◆ **Task to carry out**: Each line of the data is to be output verbatim, with the images removed.

◆ **Collected material**:
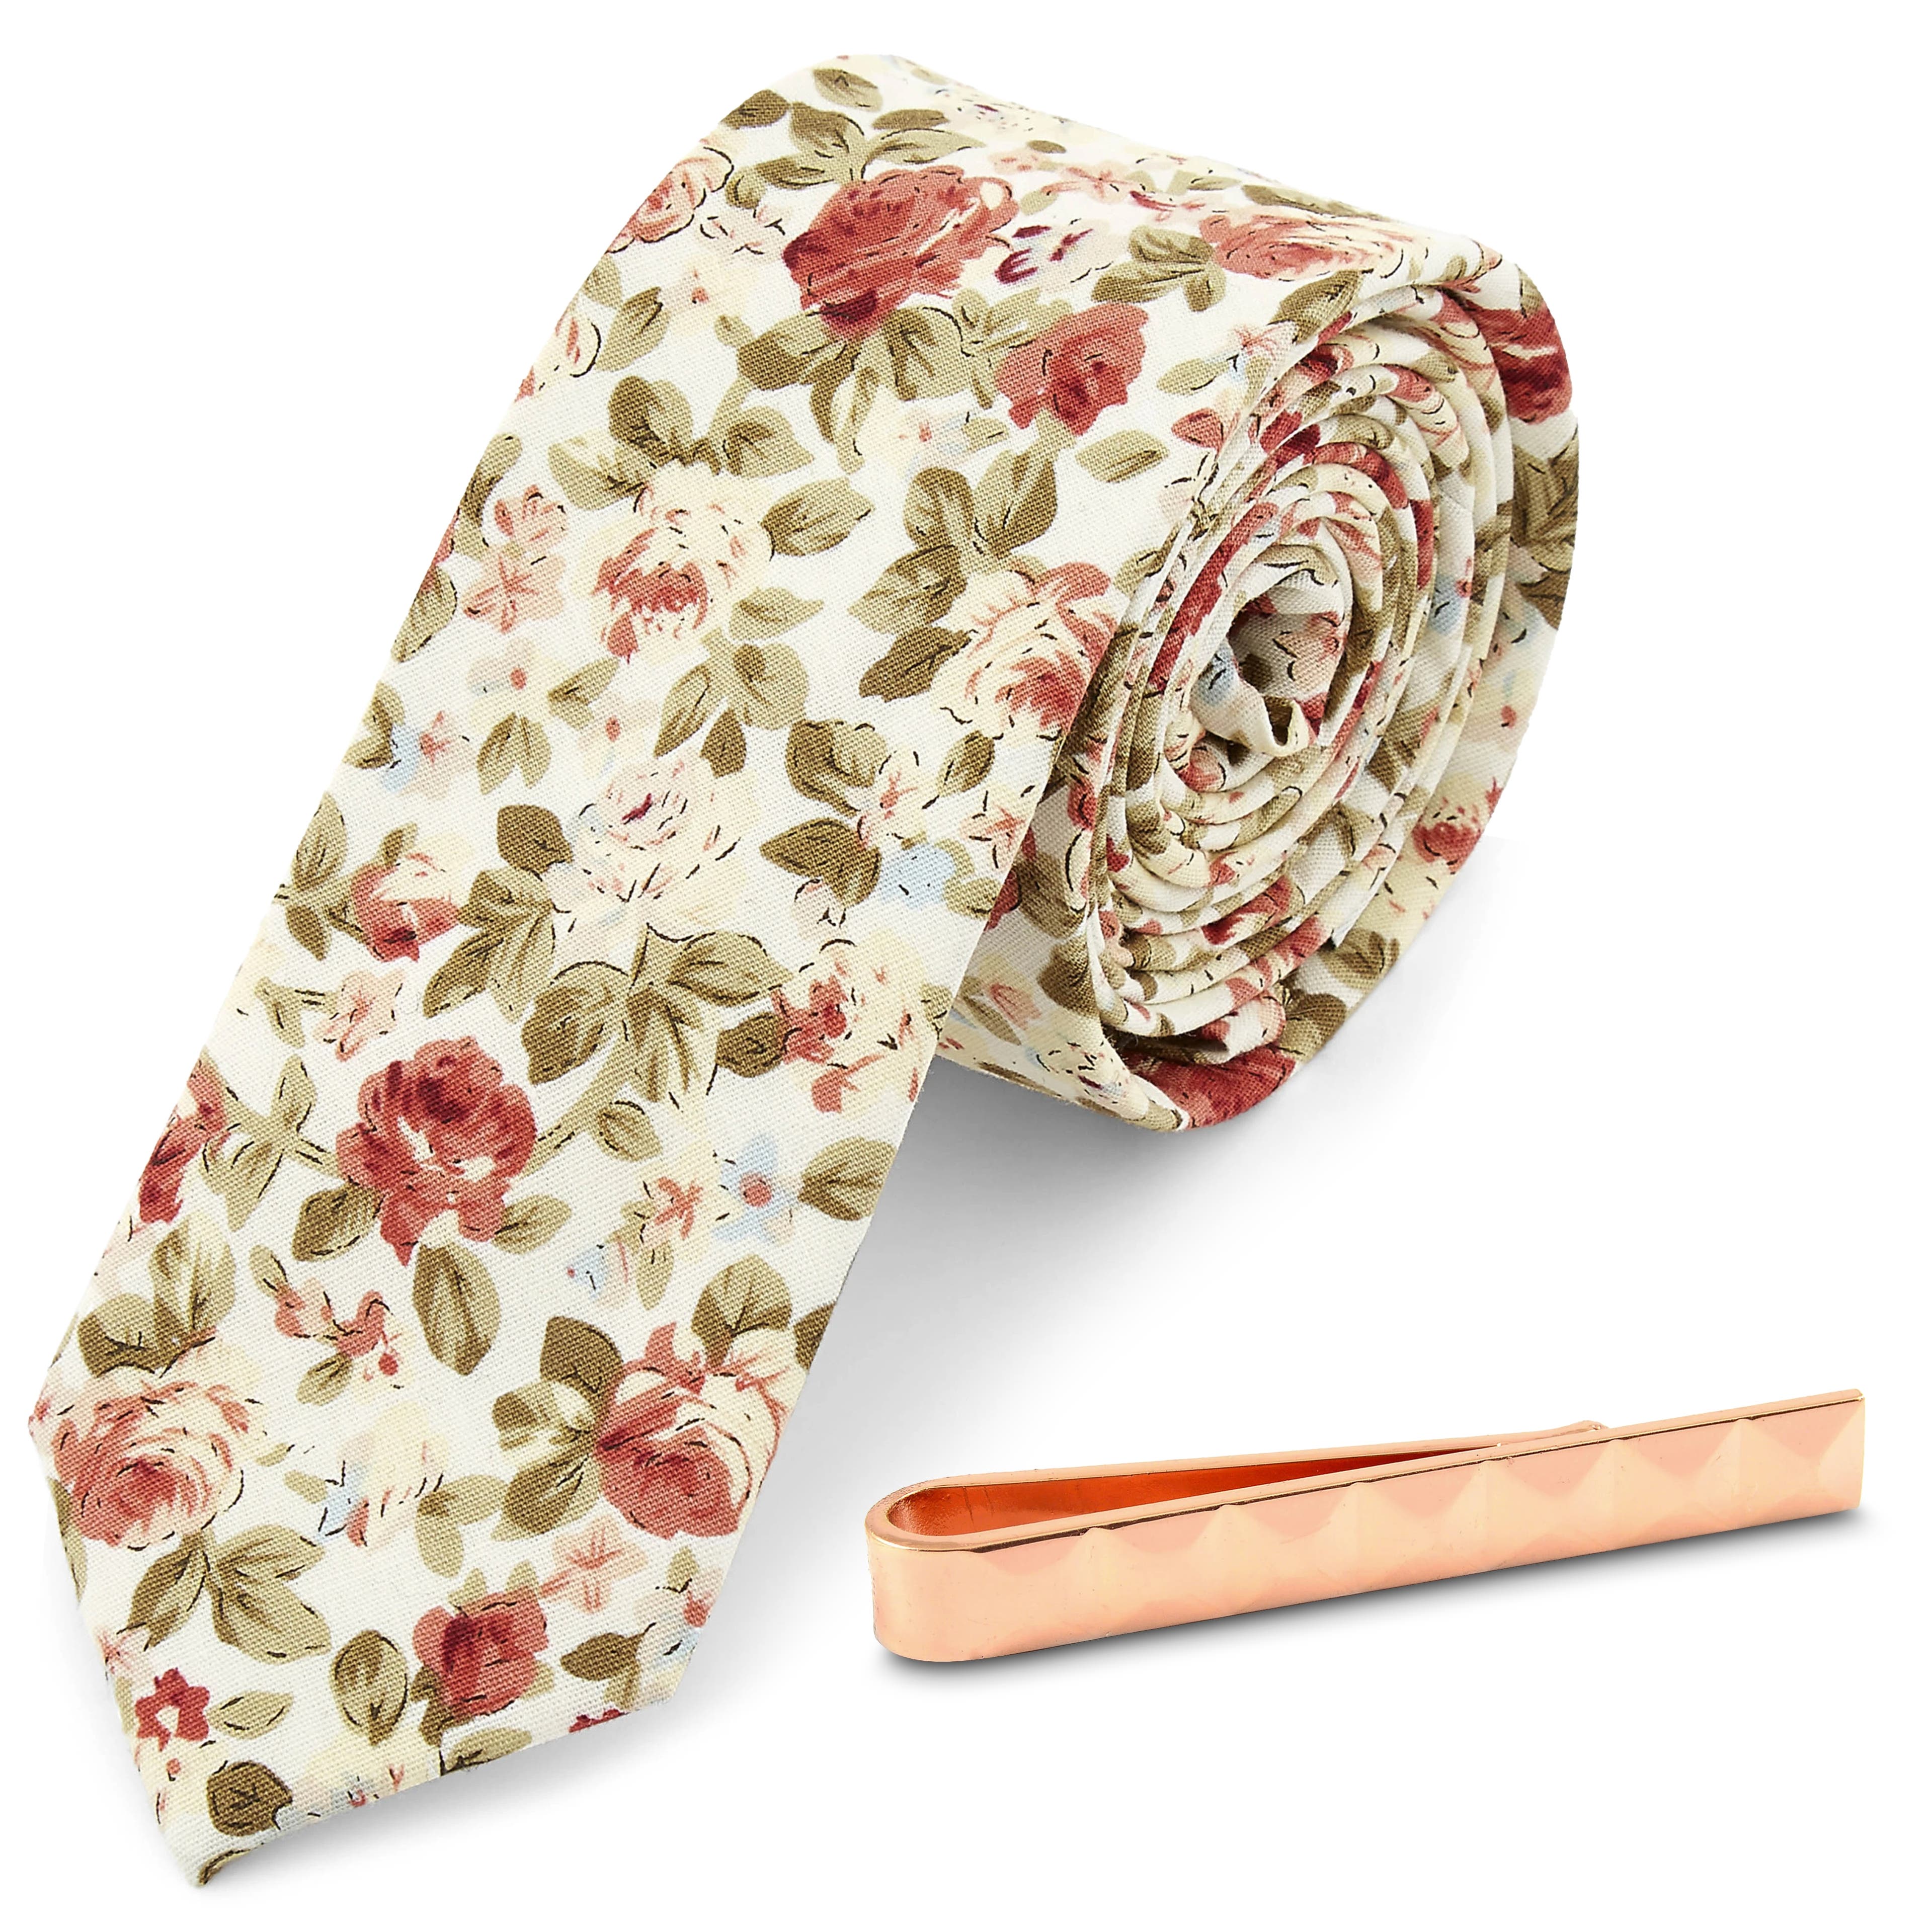 Krawatte mit Blumenmuster und kupferfarbener Krawattenklammer Set
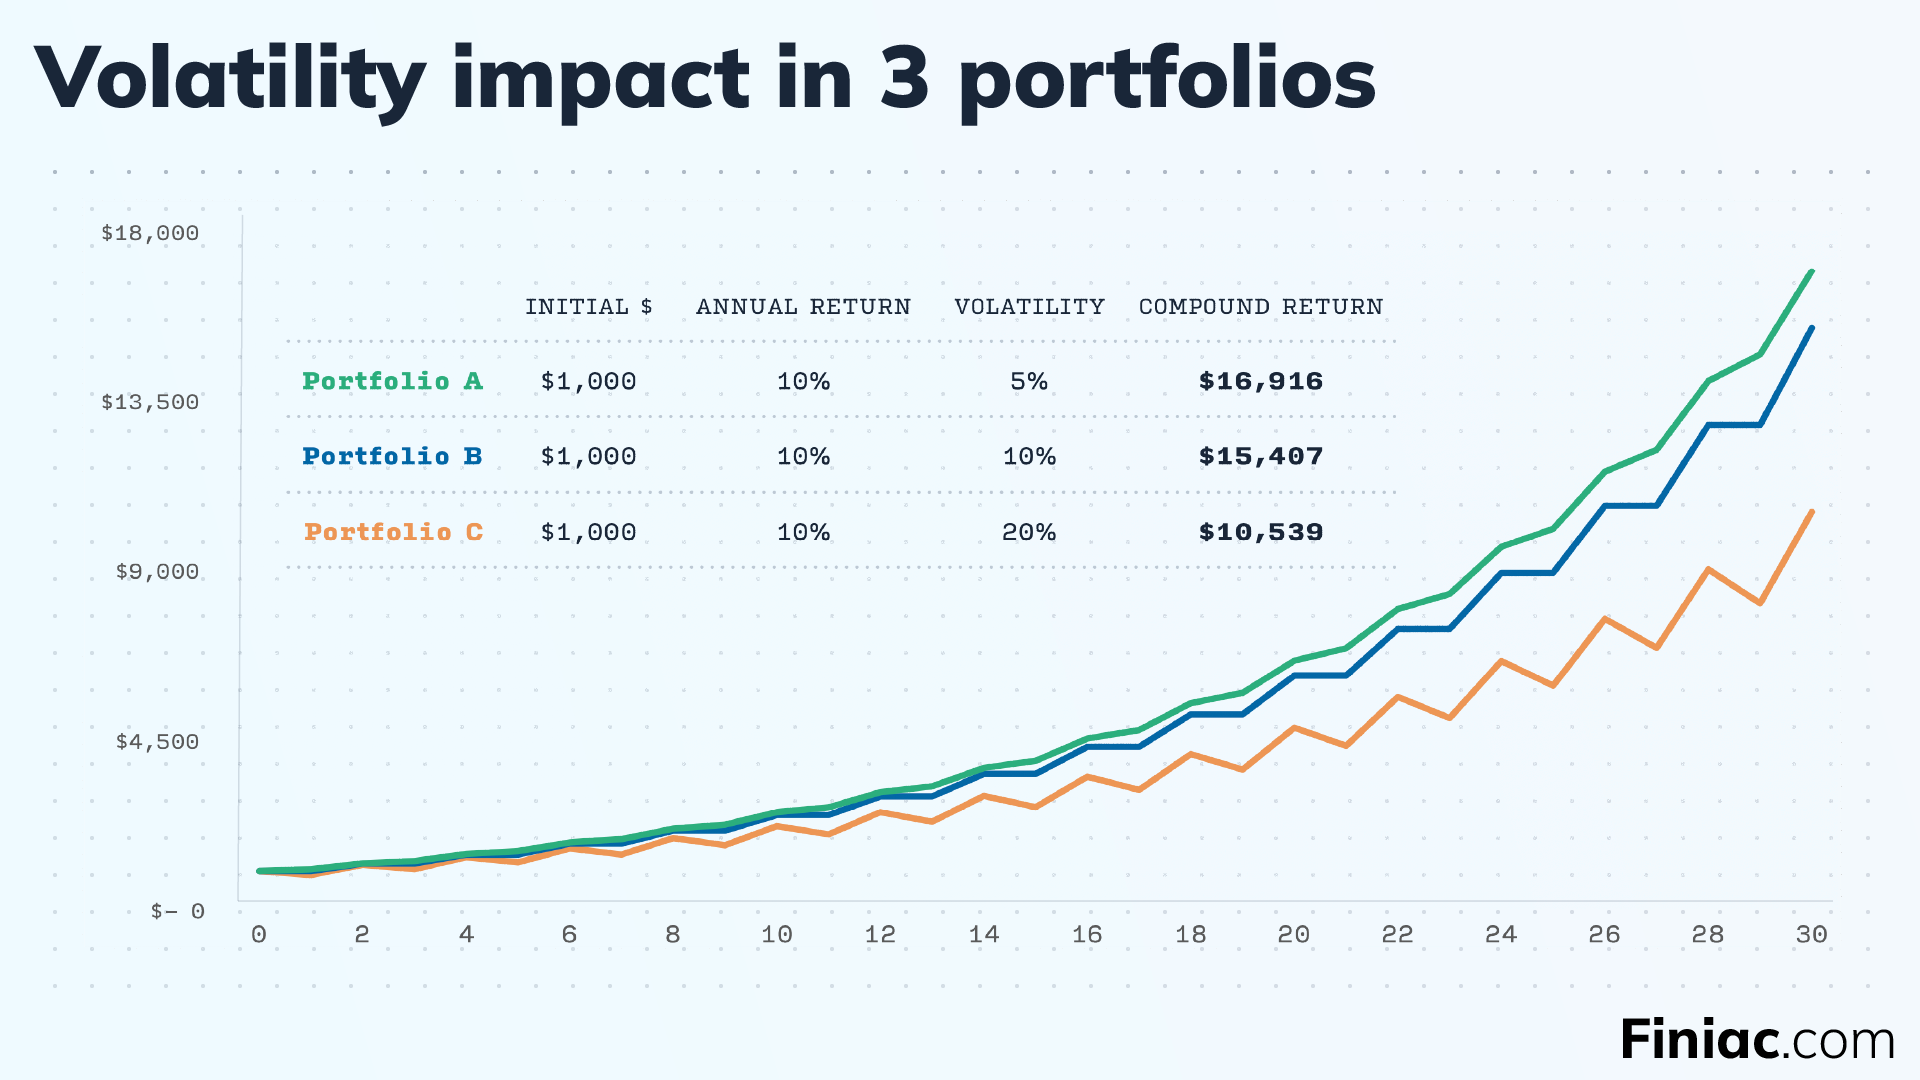 See the impact of volatility on 3 similar portfolios.
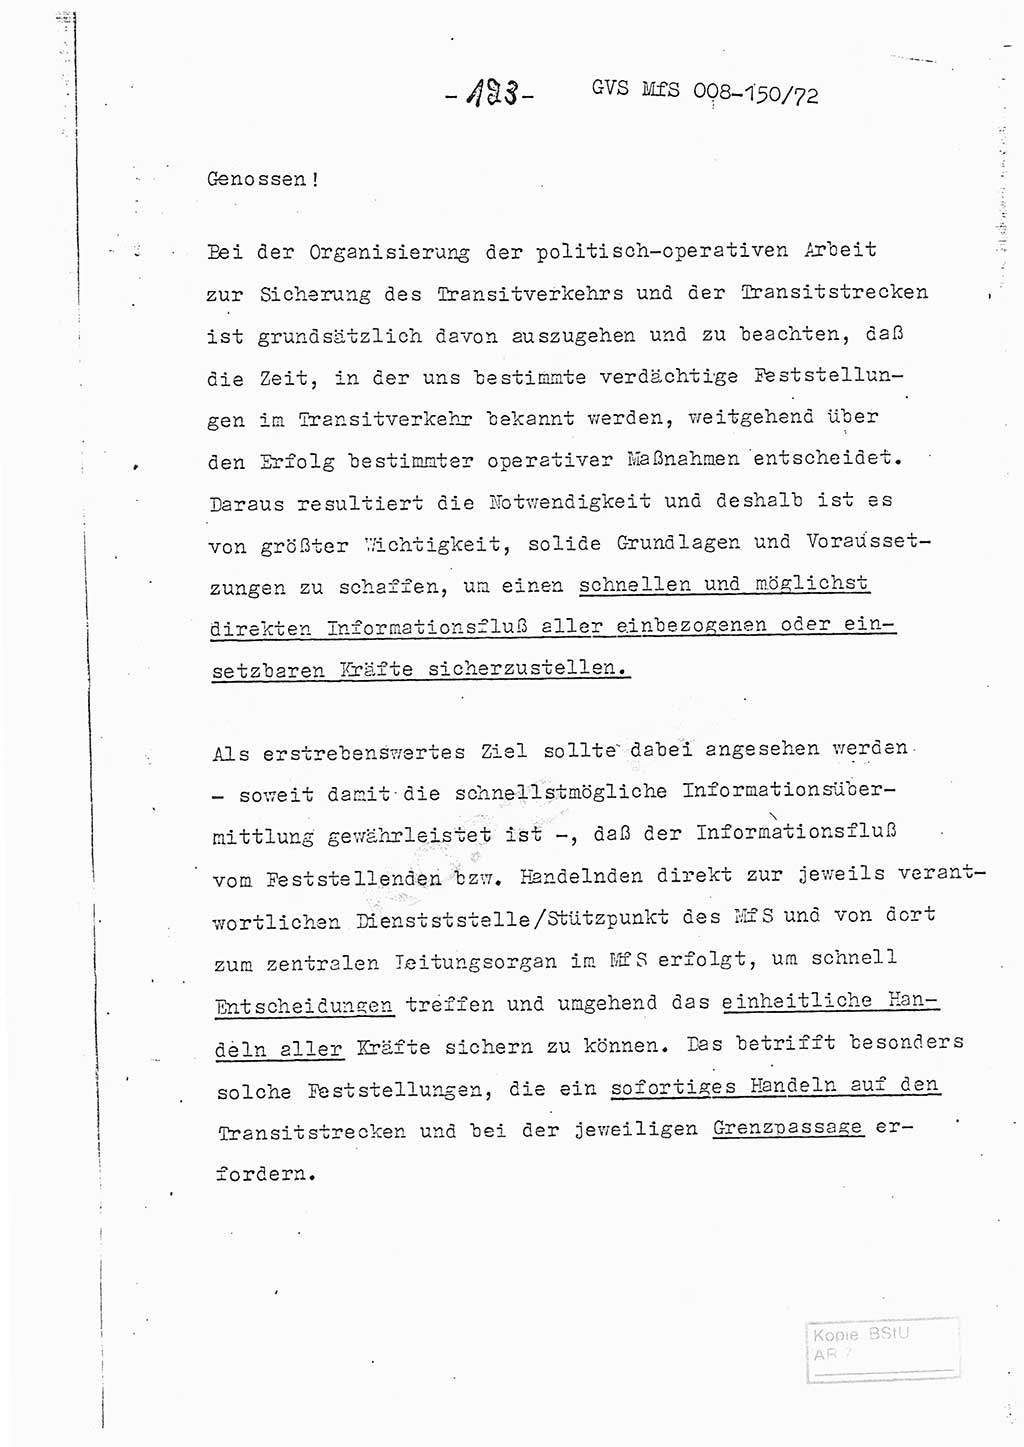 Referat (Entwurf) des Genossen Minister (Generaloberst Erich Mielke) auf der Dienstkonferenz 1972, Ministerium für Staatssicherheit (MfS) [Deutsche Demokratische Republik (DDR)], Der Minister, Geheime Verschlußsache (GVS) 008-150/72, Berlin 25.2.1972, Seite 123 (Ref. Entw. DK MfS DDR Min. GVS 008-150/72 1972, S. 123)

◆ **Task solution**:
 Krawatte mit Blumenmuster und kupferfarbener Krawattenklammer Set
 See the impact of volatility on 3 similar portfolios.
 Referat (Entwurf) des Genossen Minister (Generaloberst Erich Mielke) auf der Dienstkonferenz 1972, Ministerium für Staatssicherheit (MfS) [Deutsche Demokratische Republik (DDR)], Der Minister, Geheime Verschlußsache (GVS) 008-150/72, Berlin 25.2.1972, Seite 123 (Ref. Entw. DK MfS DDR Min. GVS 008-150/72 1972, S. 123)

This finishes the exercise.